Returning characters include TV journalist Vikas (Abhijeet Khandekar),who knew Abhishek as a child and in spite of suffering imprisonment and torture at his hands in the last edition, is overeager to help find Bala Banne’s accomplice and clear Abhishek. He doesn’t seem to have anything better to do, neither does the police force running behind an ancient cold case. There’re also Abhishek’s enigmatic sister Prachi (Barkha Bisht) and Ira’s loyal colleague, Nikhil (Kiran Srinivas) frowning away in bafflement.
Abhishek gets worried when Sammit befriends Anya, pretending to be a professor—overnight he acquires the computer skills required to create a fake identity; his parents are keen to send him abroad, but Sammit wants the life he lost because of the years in coma and a return to his real name.
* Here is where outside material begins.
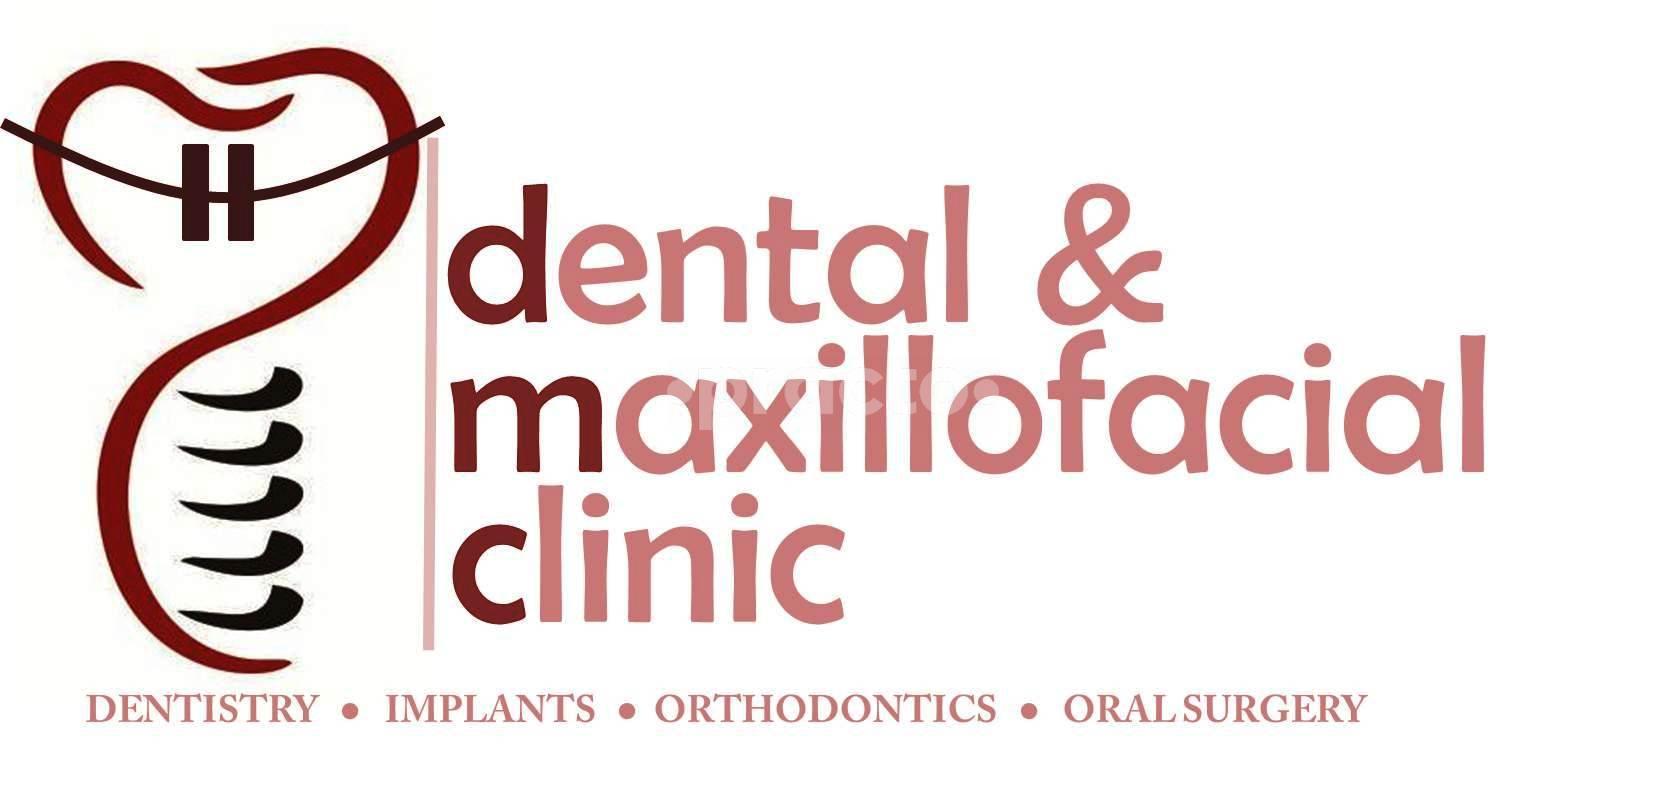 Dental & Maxillofacial Clinic

There is not much suspense here, the audience knows who the accomplice is, but he is smarter and quicker than everyone pursuing him. If the plot of the earlier season was contrived, this one adds lazy twists to the mix. The killer always happens to be in the right place, and always evades capture. A crucial call comes when the accomplice is present, and in the clumsy manner of screen phone calls, the receiver repeats what was said, so the guy can hear and take preventive action. When Abhishek is about to get the name of the accomplice, another well-timed phone call stops his father’s cohort, the maniacally laughing pimp (Ganesh Yadav) from revealing the information. This happens often enough to be exasperating, because the series is pointlessly stretched over seven episodes, with mercifully short 30-minute episodes.
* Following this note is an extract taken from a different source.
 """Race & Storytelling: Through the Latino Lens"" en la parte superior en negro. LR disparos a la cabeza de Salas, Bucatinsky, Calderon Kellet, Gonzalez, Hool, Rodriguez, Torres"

Ira puts her love for her husband over duty as a cop, which makes her somewhat unsympathetic, but the real dangers to society are the Patels, unhinged by guilt and parental devotion.
Gulshan Devaiah puts in a sincere performance, taking the ratcheting absurdity of the show into account. It ends with yet another cliffhanger, and the thought of a Season 3 is scarier than all the violence of the stabbing, nail-pulling kind, inflicted on the viewer.